I coniugi Raimondi inviano al Papa lo loro richiesta avente per oggetto: “Anime in pericolo che chiedono aiuto per ritrovare la strada”.

Sono terziari francescani che non sono riusciti a seguire la fraternità a causa di tutte le loro traversie economiche. Tuttavia, “poiché la situazione descritta esige un rapido intervento da parte dell’ufficio della carità del Papa”, l’arcivescovo elemosiniere di sua santità Konrad Krajewskj, risponde di “avere il piacere di rimettere loro, in via eccezionale, l’assegno di 1000 euro. L’arcivescovo, compie inoltre “il venerato incarico di significare loro che il presente aiuto è rimesso a nome di Sua Santità Francesco il Quale l’accompagna con la preghiera e con una particolare Benedizione apostolica propiziatrice dei desiderati aiuti e conforti divini che di cuore imparte a lei e a tutti i suoi cari” (dalla lettera inviata loro dal Vaticano il 4 dicembre 2013, Elemosineria di Sua Santità, protocollo 402/2013).

(Tratto da livesicilia:

https://www.youtube.com/watch?v=Inj7nLylZ2Q&feature=player_embedded#t=98)

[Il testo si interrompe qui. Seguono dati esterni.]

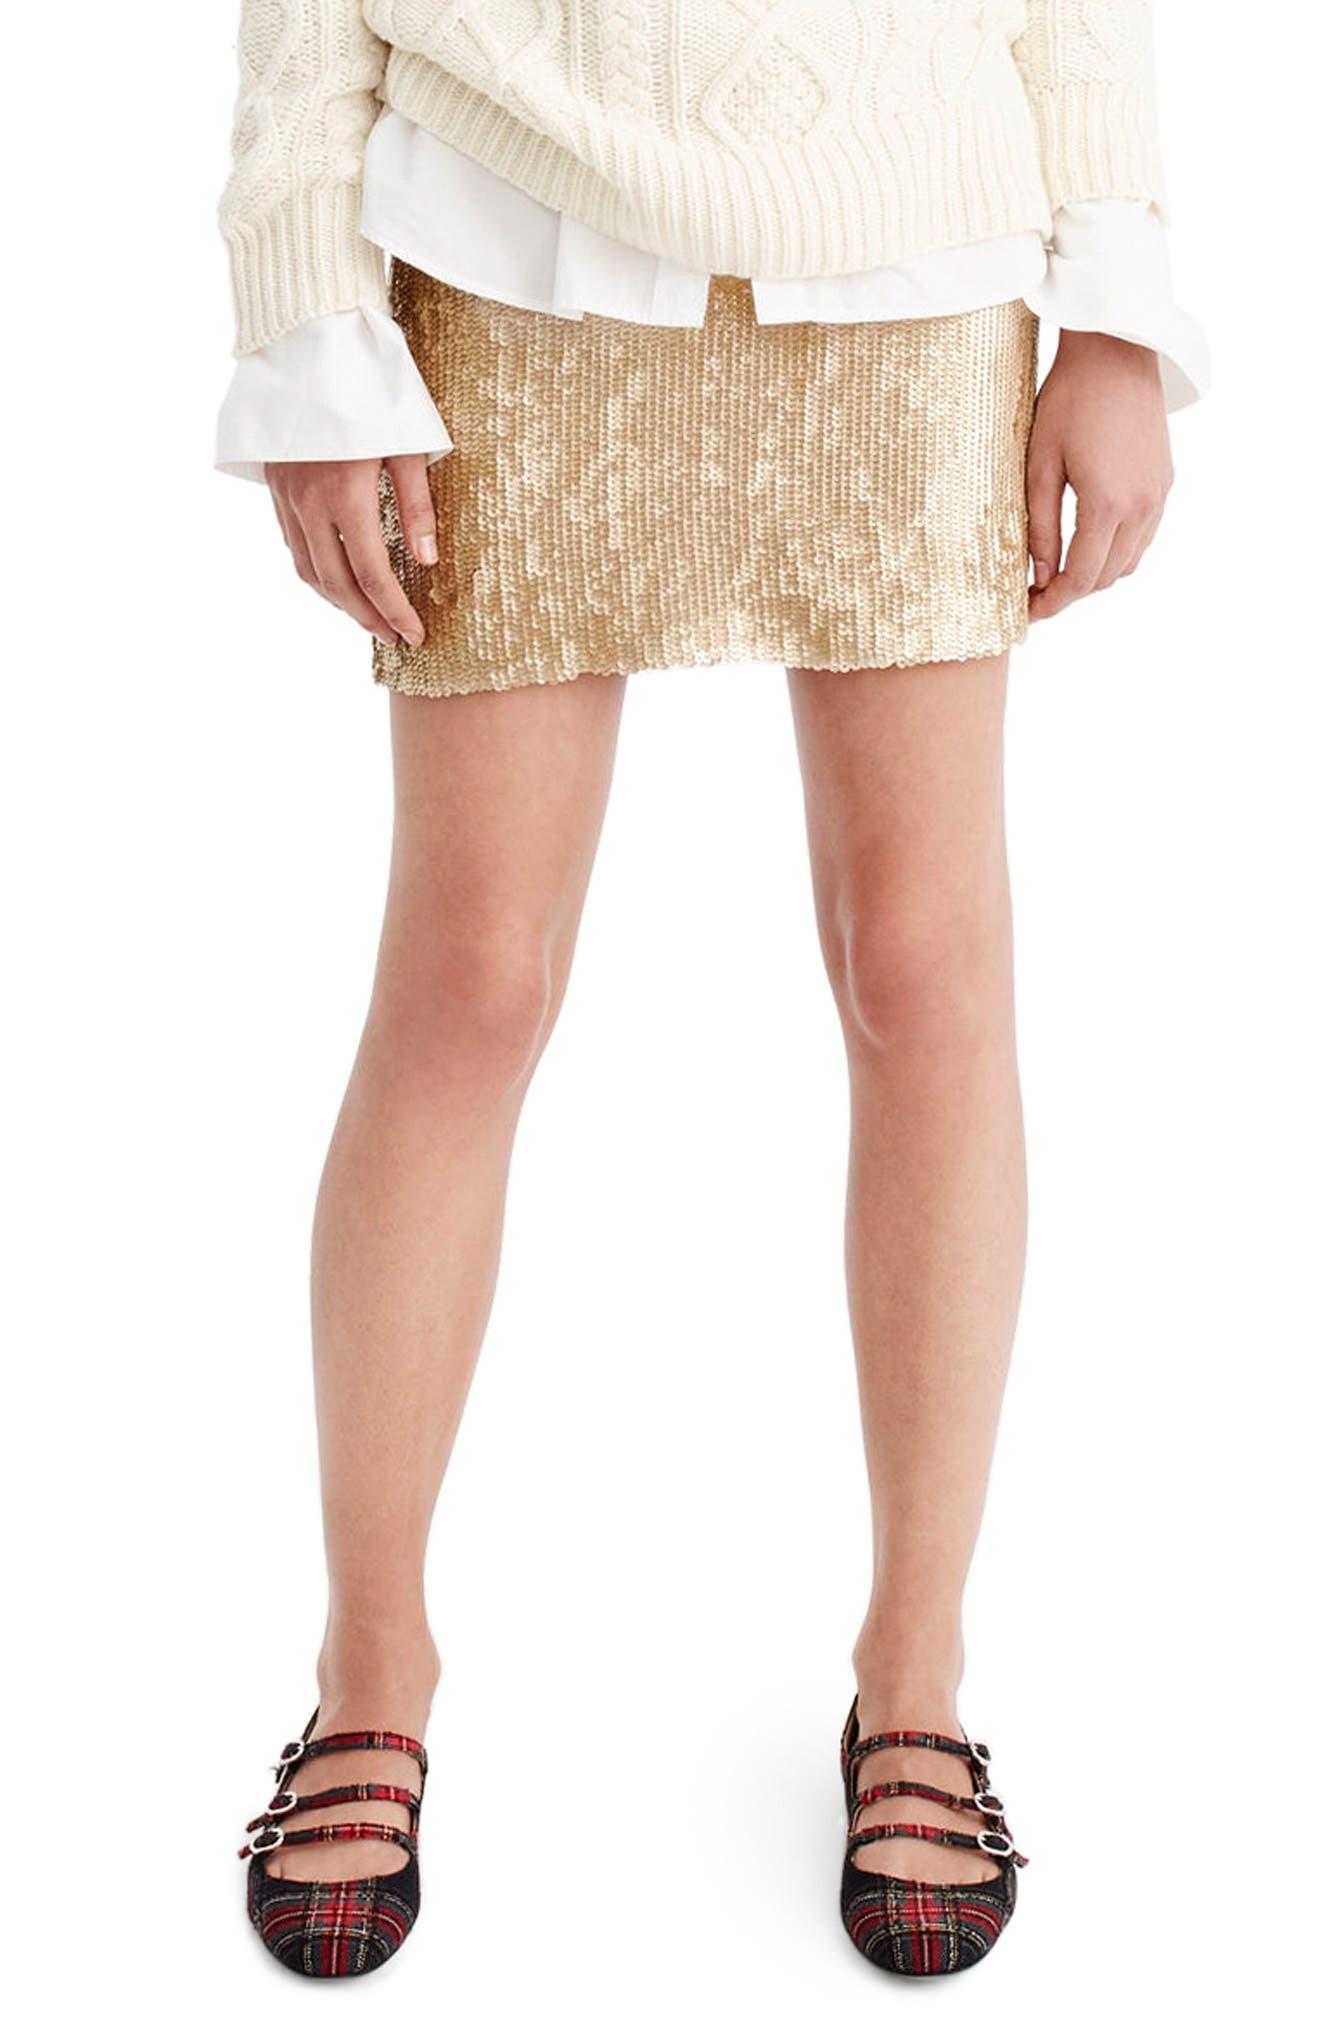 Alternate Image 1 Selected - J.Crew Sequin Miniskirt (Regular & Petite)

Tutti coloro che volessero usufruire di questo sussidio, dunque, sappiano che dovranno inviare una lettera, dettagliando le proprie problematiche, alla “Elemosineria di Sua Santità” presso la città del Vaticano. Per riscuotere l’assegno, chi non avrà la possibilità di andare a Roma o di avere un conto bancario, dovrà specificarlo nella lettera e richiedere un eventuale vaglia postale, inviando il nome corretto a cui intestarlo.

Inoltre, cosa molto importante, bisogna sapere che, poiché l’elemosineria apostolica ha il compito di erogare modesti e saltuari sussidi ai poveri – che nelle loro necessità si rivolgono al Santo Padre tramite l’ufficio dell’elemosineria stessa – gli aiuti sono concessi di norma solo mediante la mediazione della Parrocchia di appartenenza (dal Vaticano 4 dicembre 2013, elemosineria di Sua Santità protocollo 402/2013).

Si suppone dunque che i sussidi saranno concessi ai poveri iscritti alla Chiesa Cattolica, con la buona parola del parroco.